▶ _Work request_: Could you reproduce the entries exactly, omitting every picture?

▶ _Data for processing_:
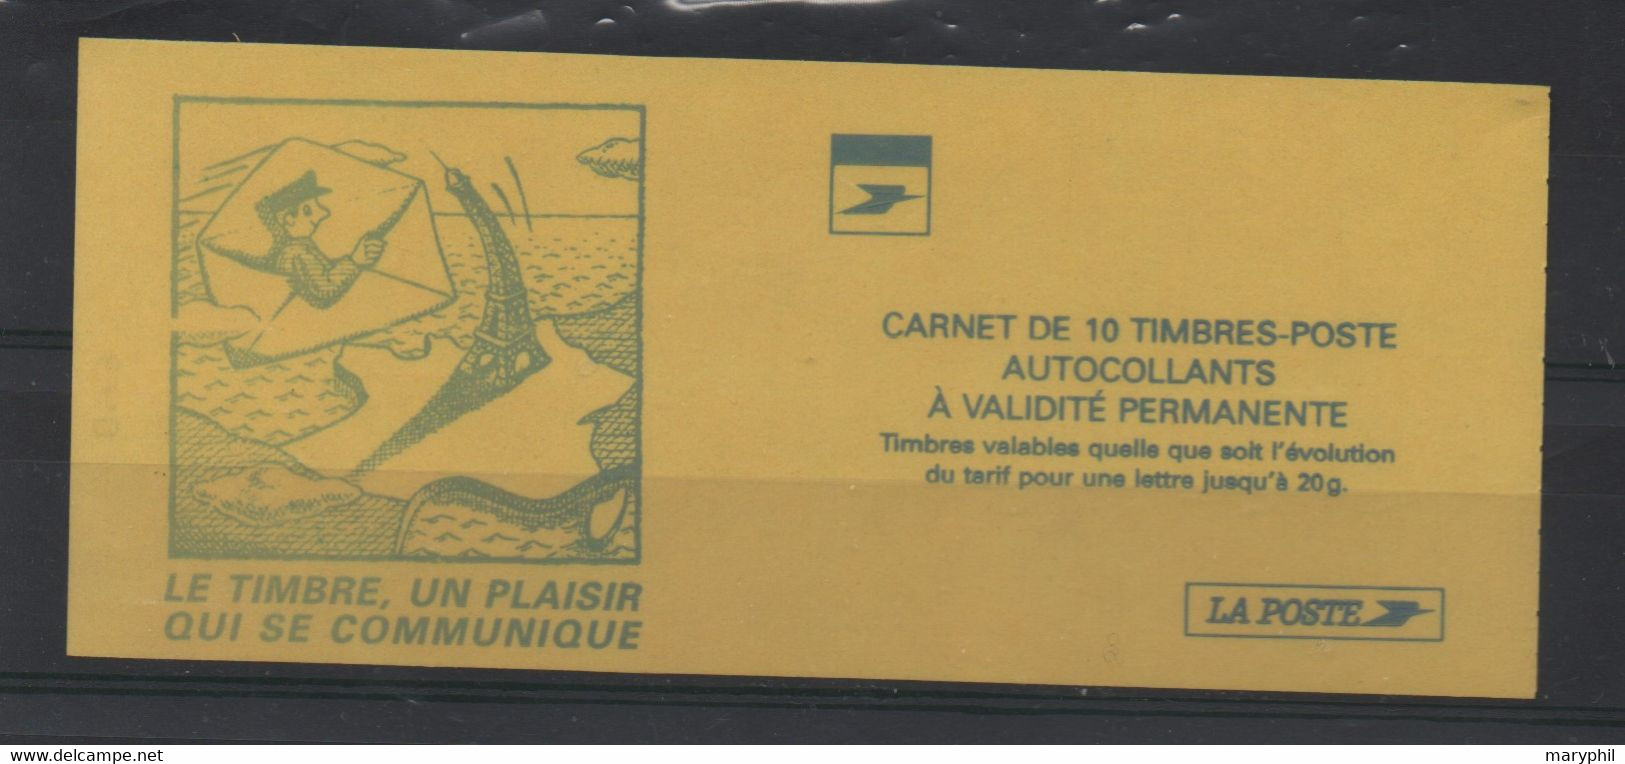 LOT 441- FRANCE CARNET N° 3085-  C3f  - TYPE I  - BANDE DE PHOSPHORE DECALEE   - Cote 75,00€ - Carnets
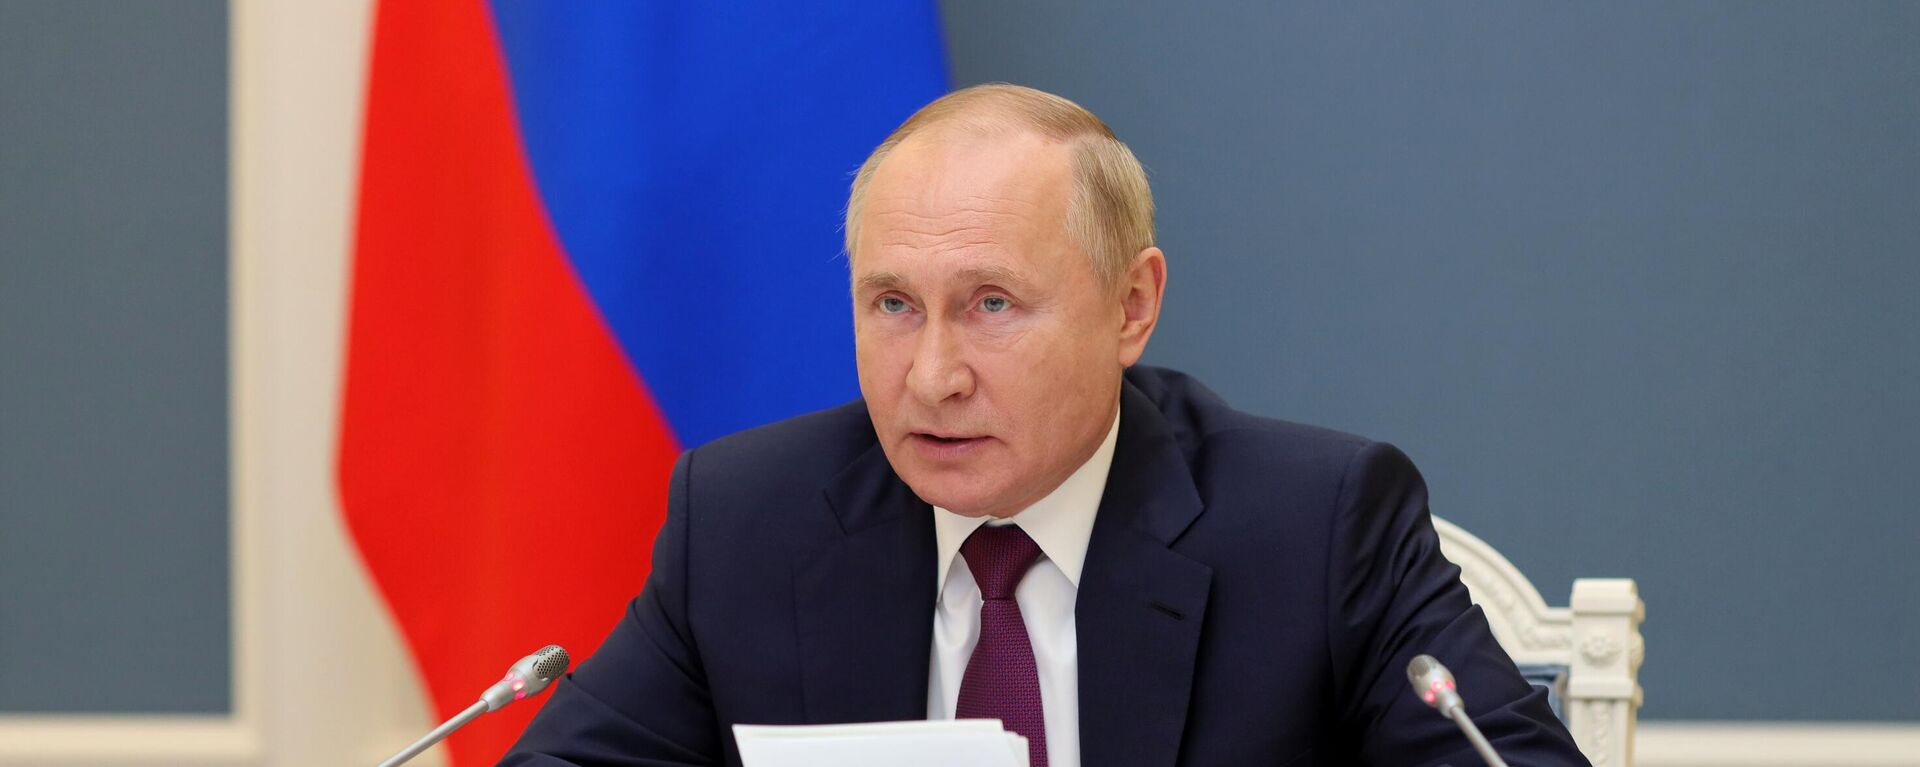 Президент РФ В. Путин принял участие в саммите Группы двадцати - Sputnik Абхазия, 1920, 31.10.2021
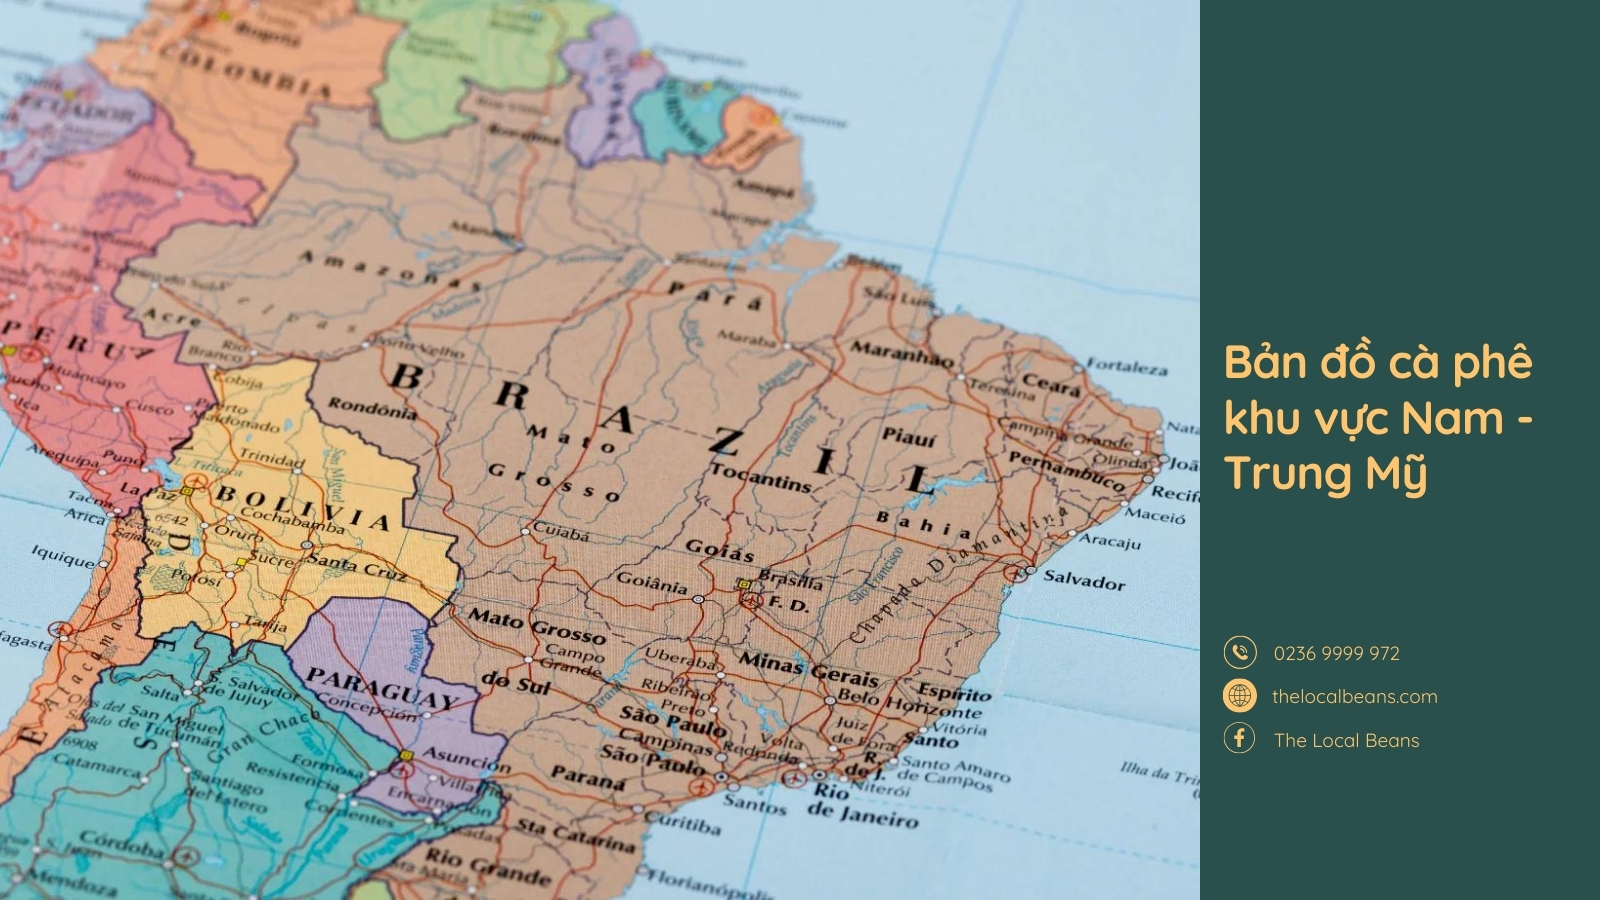 minh hoạ một phần bản đồ cà phê khu vực Nam Trung Mỹ
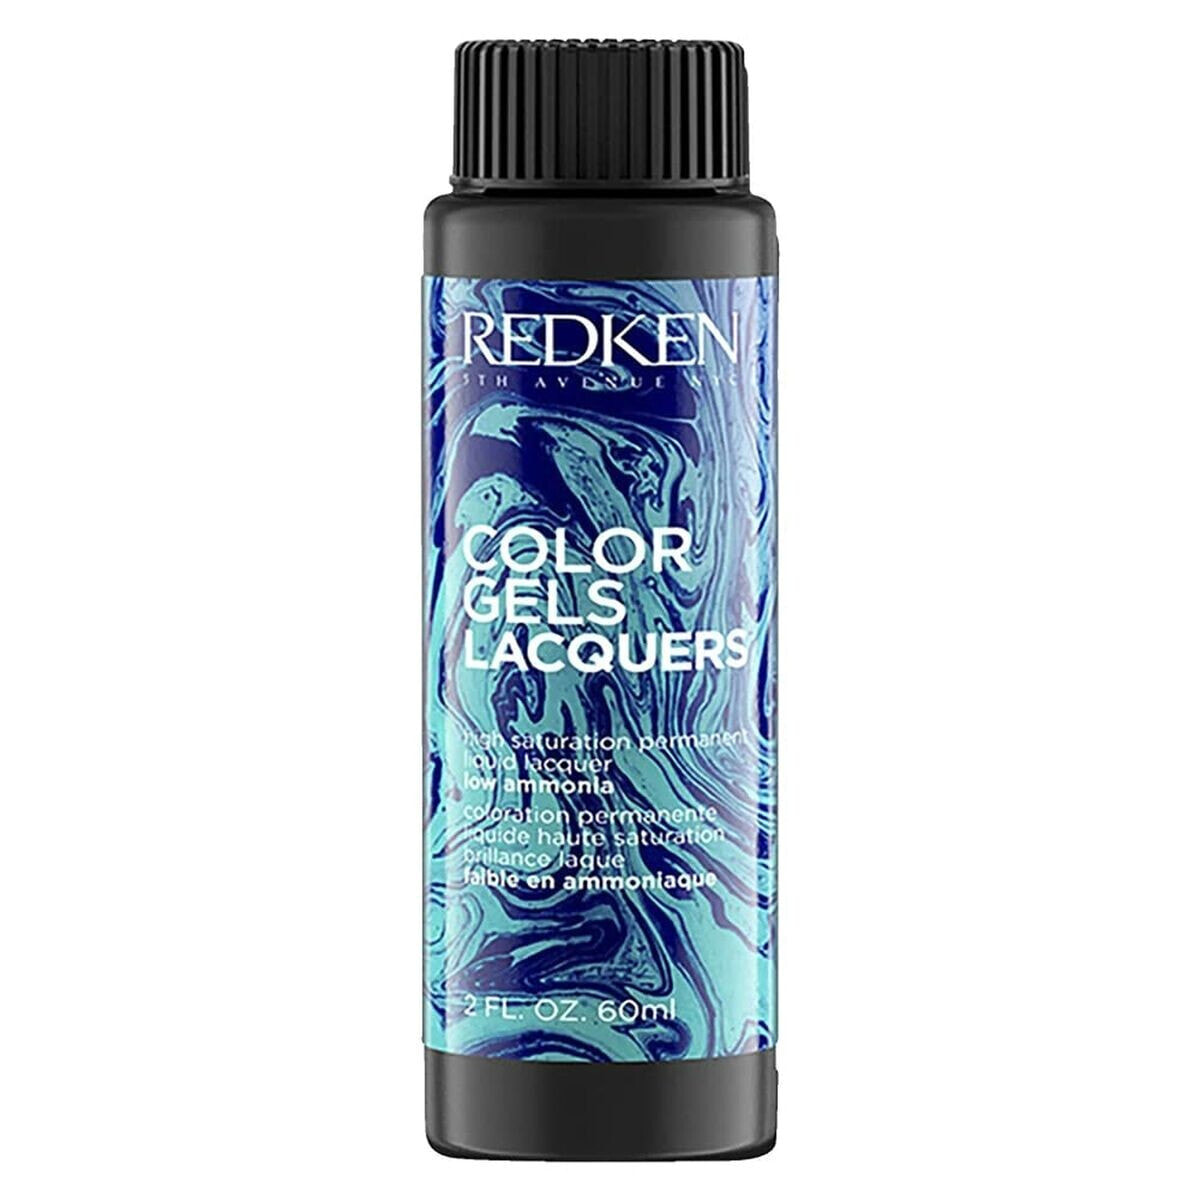 Permanent Colour Redken Color Gel Lacquers 8AB-stardust (3 x 60 ml)
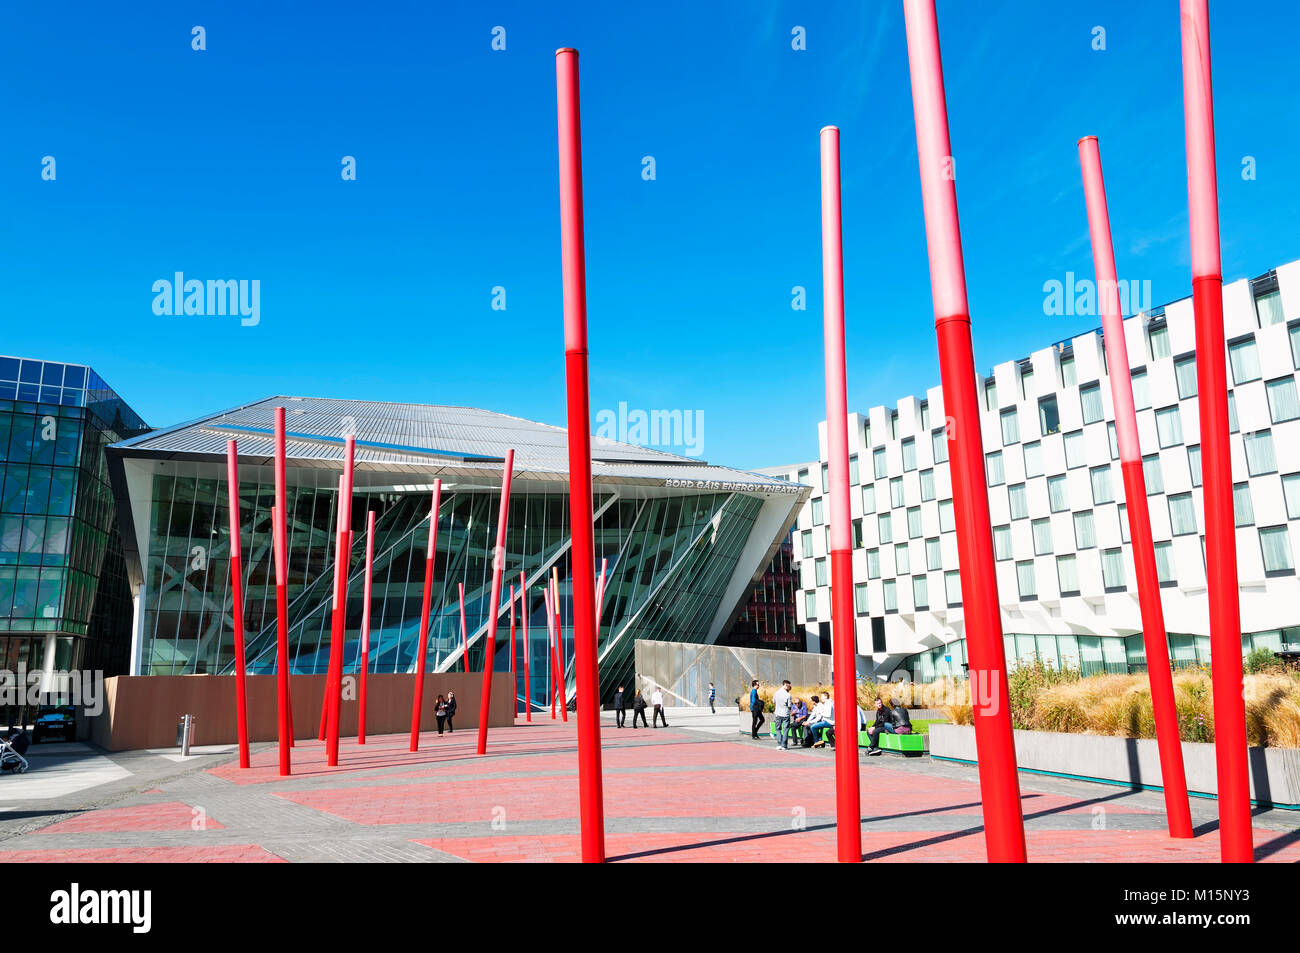 Dettaglio dell'area dei Docklands di Dublino con il Bord Gais teatro in 10. Settembre 2014, Dublino ( Irlanda ) Foto Stock

▶ _Answer to the exercise_:
 LOT 441- FRANCE CARNET N° 3085-  C3f  - TYPE I  - BANDE DE PHOSPHORE DECALEE   - Cote 75,00€ - Carnets
 Президент РФ В. Путин принял участие в саммите Группы двадцати - Sputnik Абхазия, 1920, 31.10.2021
 minh hoạ một phần bản đồ cà phê khu vực Nam Trung Mỹ
 Permanent Colour Redken Color Gel Lacquers 8AB-stardust (3 x 60 ml)
 Dettaglio dell'area dei Docklands di Dublino con il Bord Gais teatro in 10. Settembre 2014, Dublino ( Irlanda ) Foto Stock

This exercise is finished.